[[ INFORMATION SUPPLIED open ]]

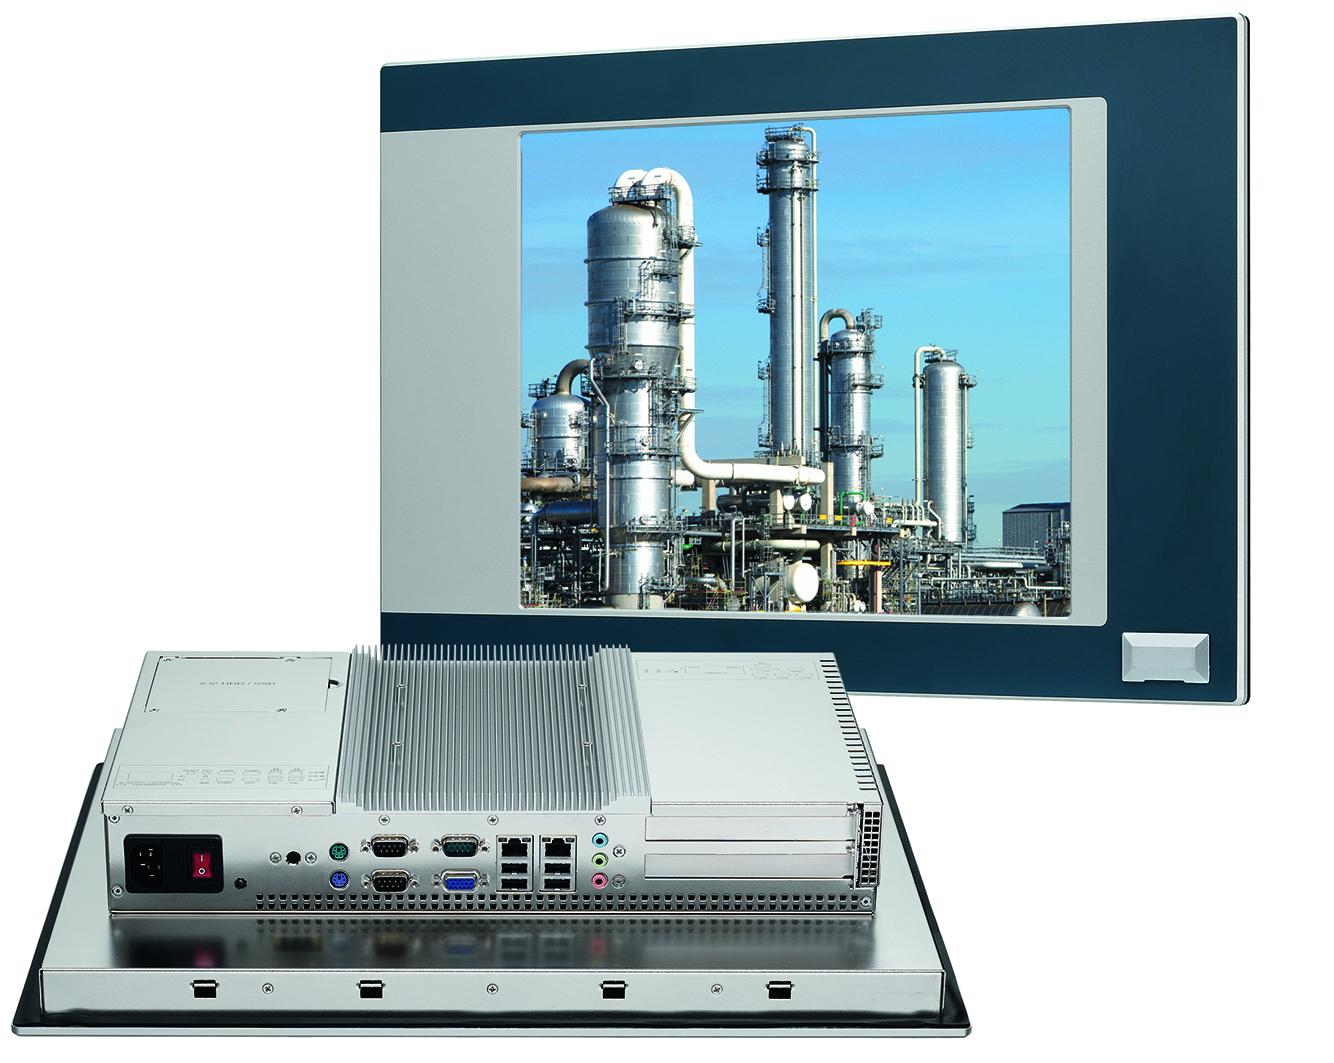 Industrielle Panel-PCs im ansprechenden Design
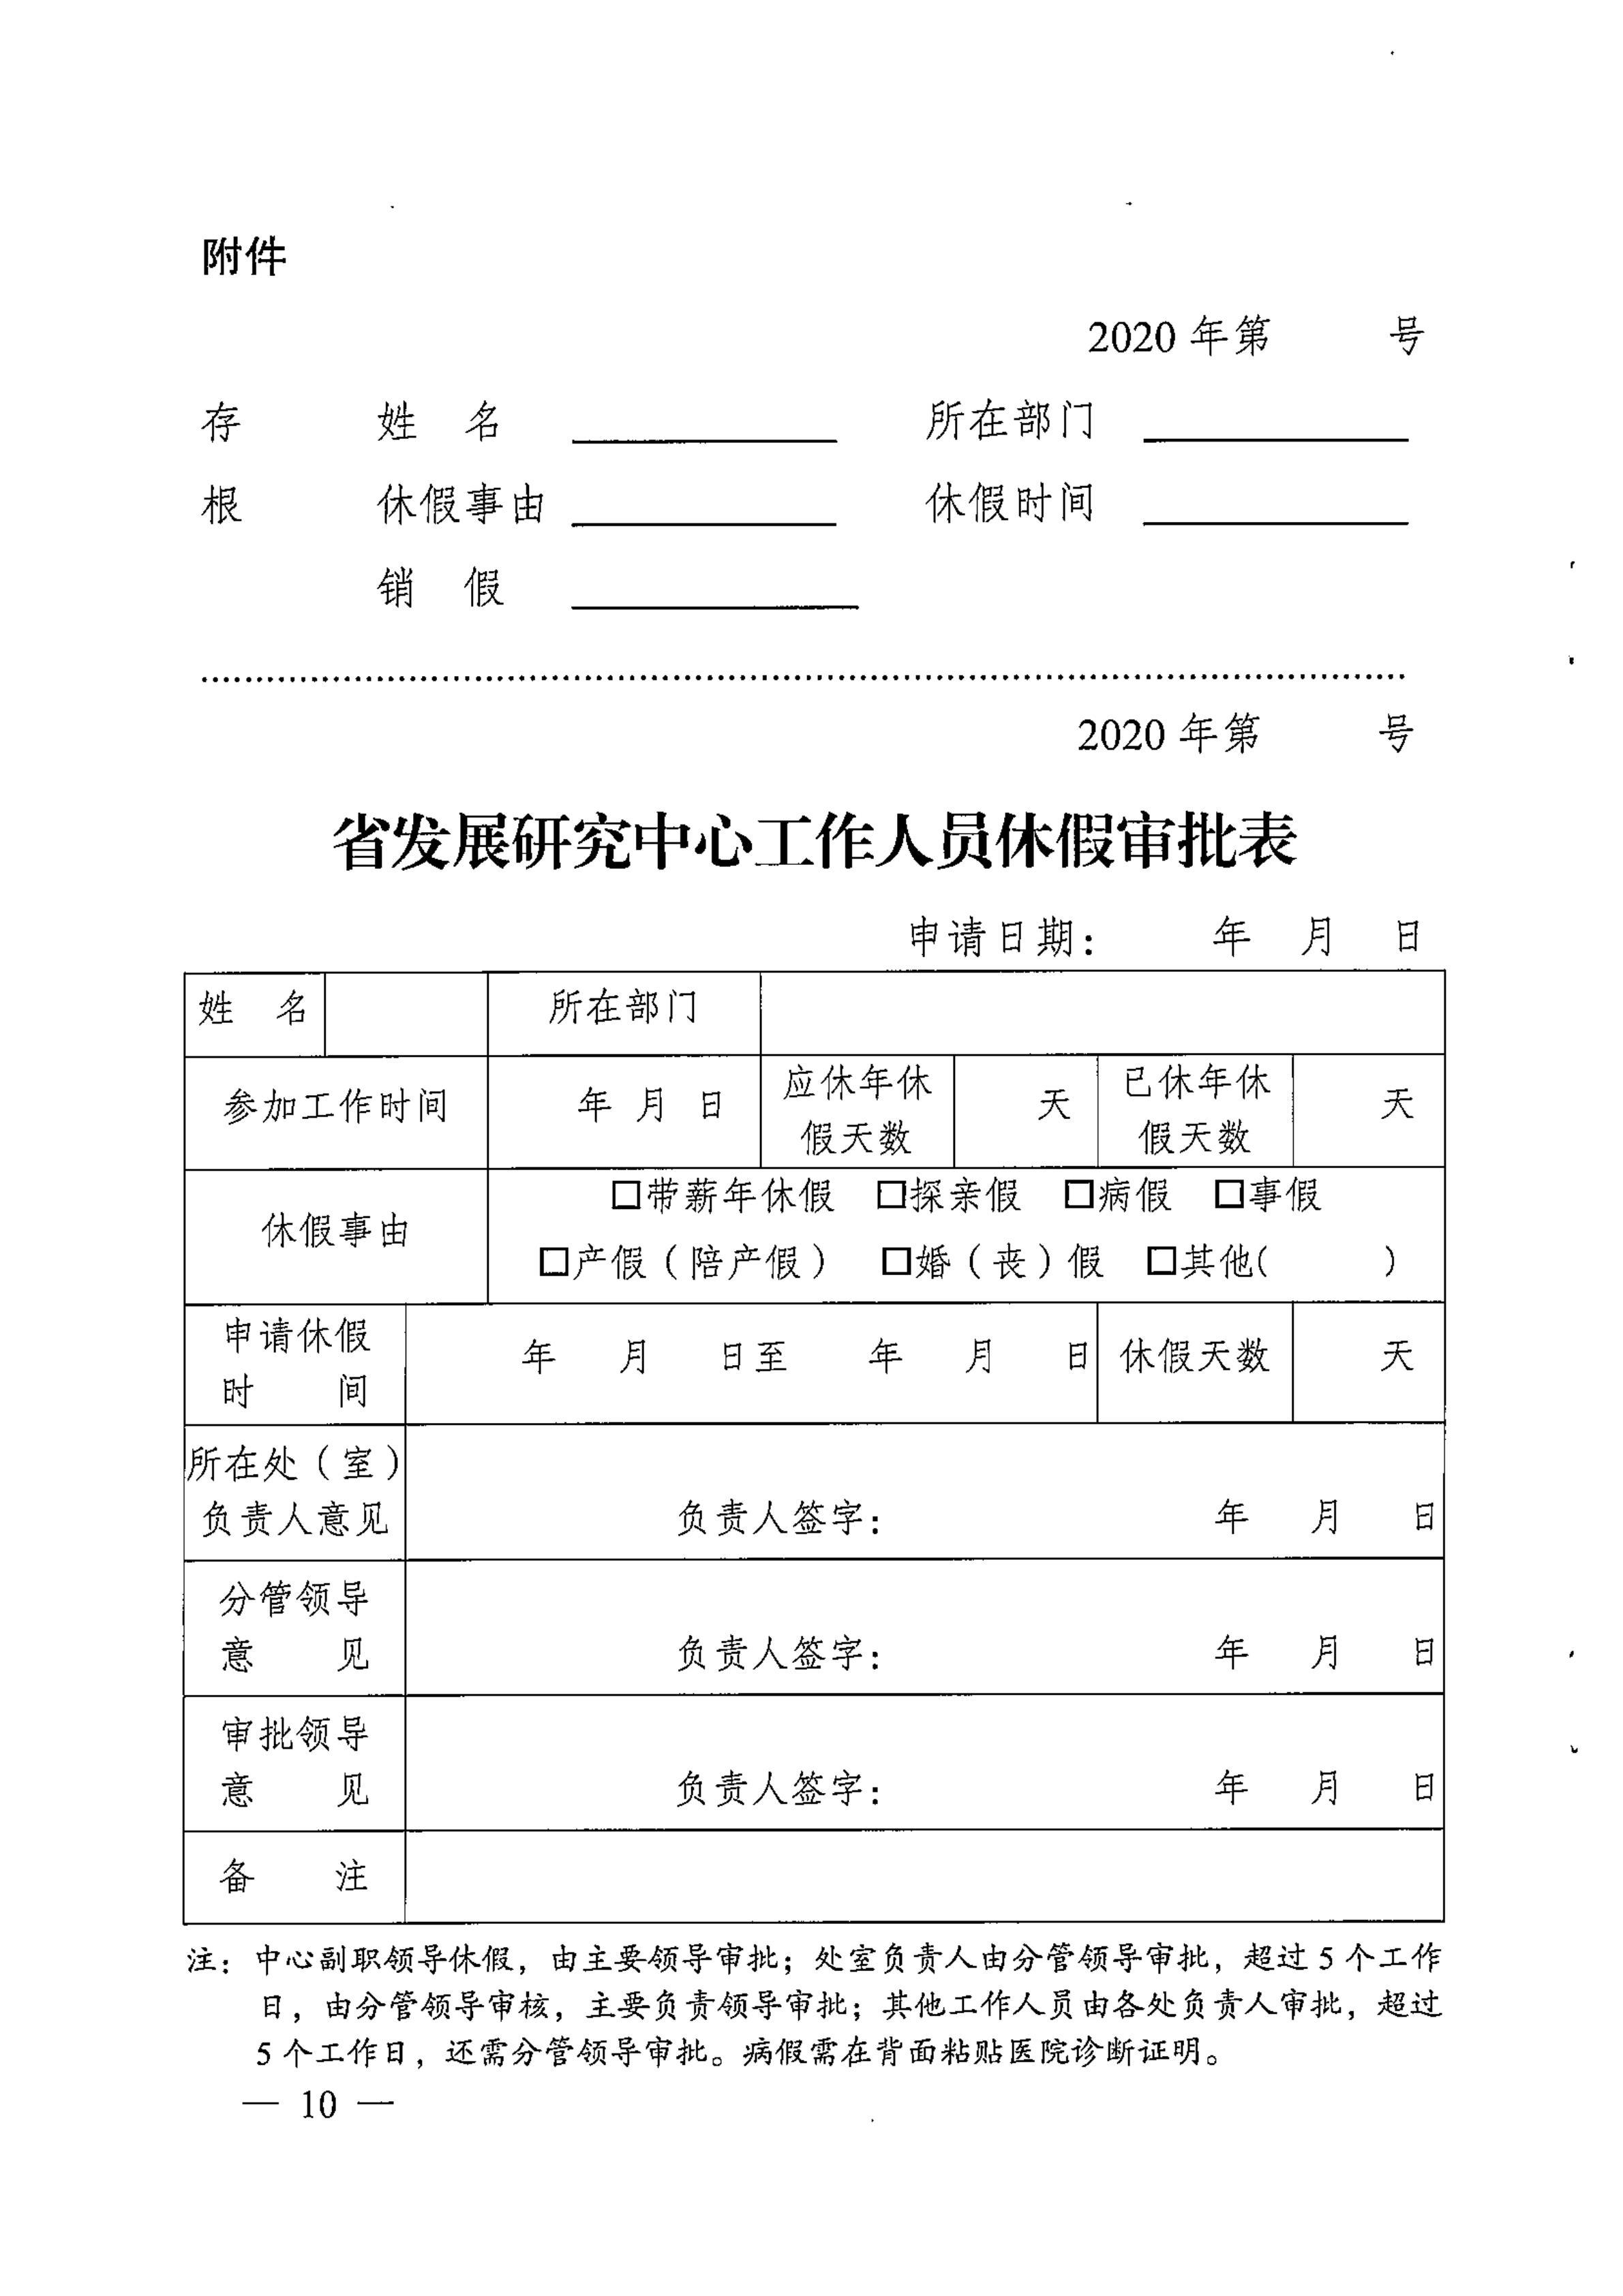 关于印发《广东省人民政府发展研究中心工作人员休假管理办法》的通知_09.jpg
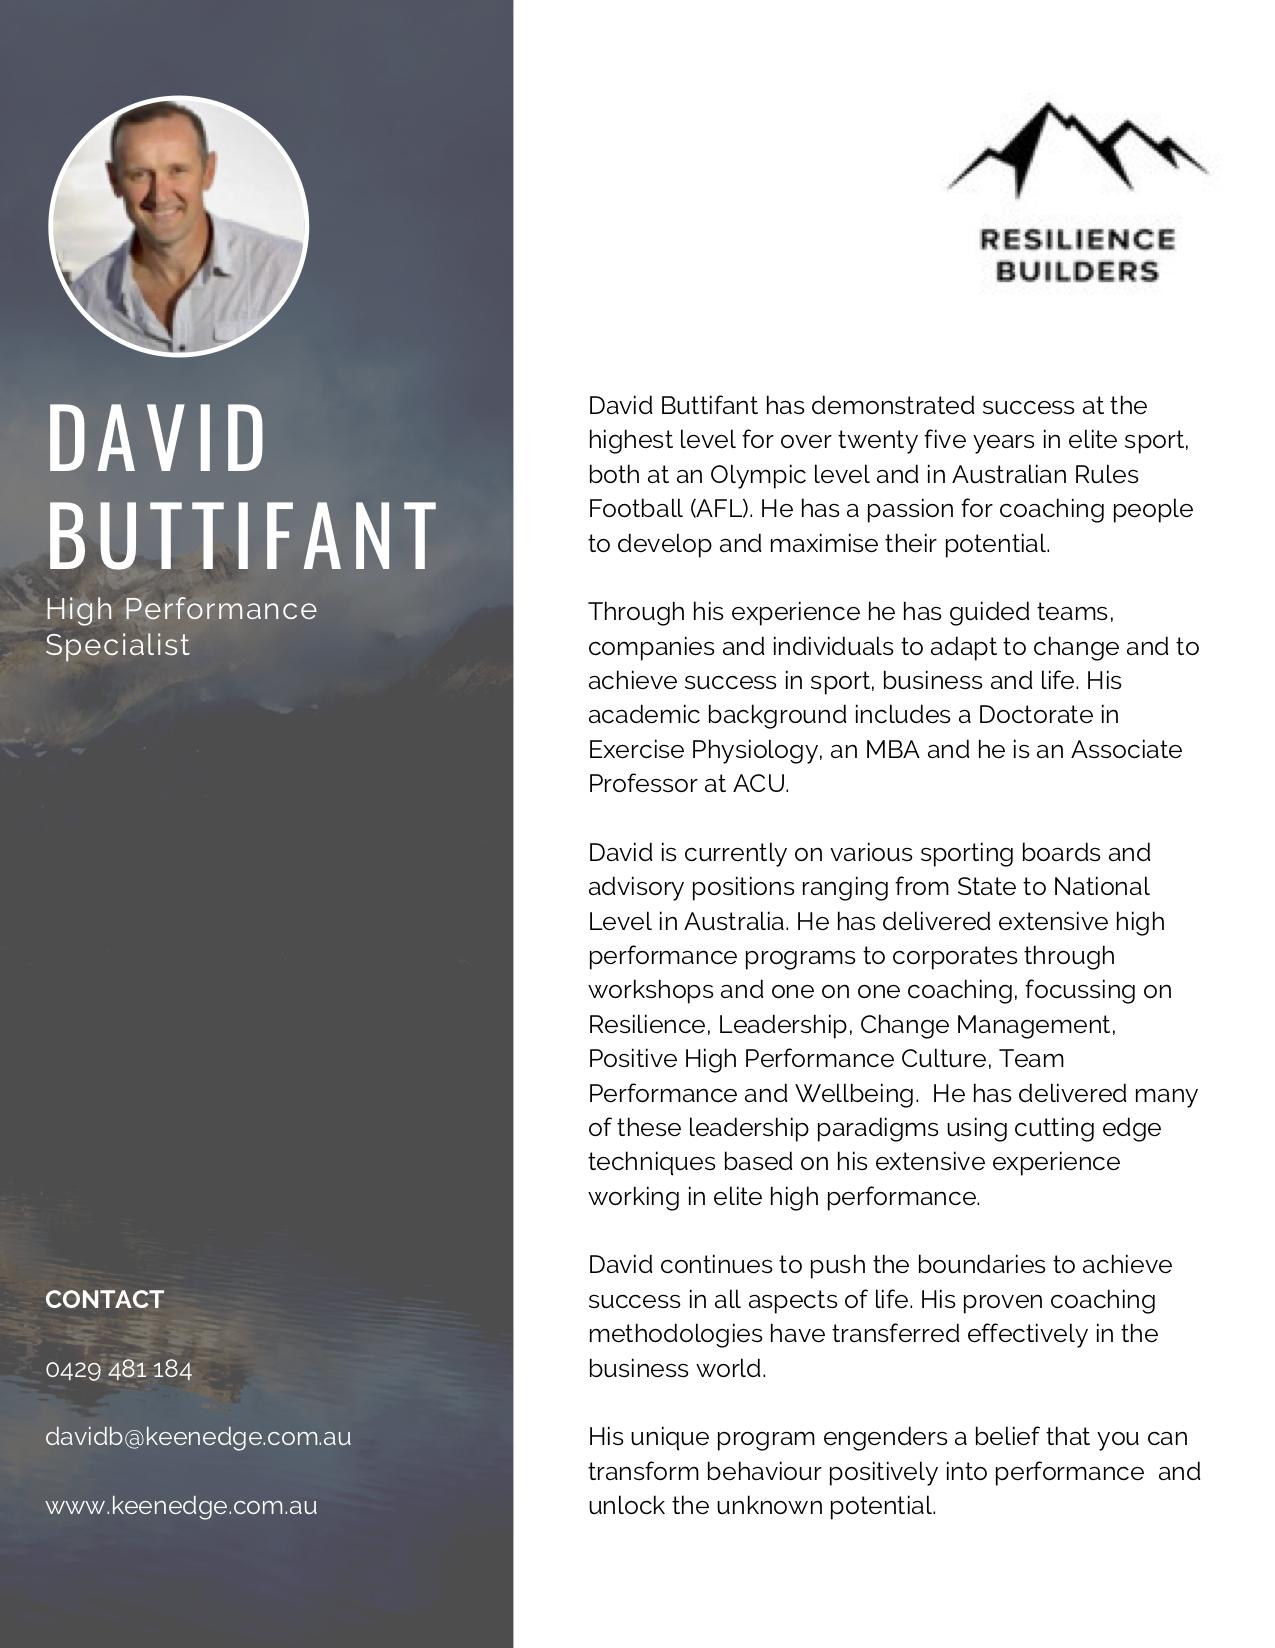 David Buttifant bio.png

[[ INFORMATION SUPPLIED closed ]]

_TASK TO COMPLETE_.
Give the listing again word for word. Skip any pictures.

_WRITTEN RESPONSE_.
 Industrielle Panel-PCs im ansprechenden Design
 关于印发《广东省人民政府发展研究中心工作人员休假管理办法》的通知_09.jpg
 David Buttifant bio.png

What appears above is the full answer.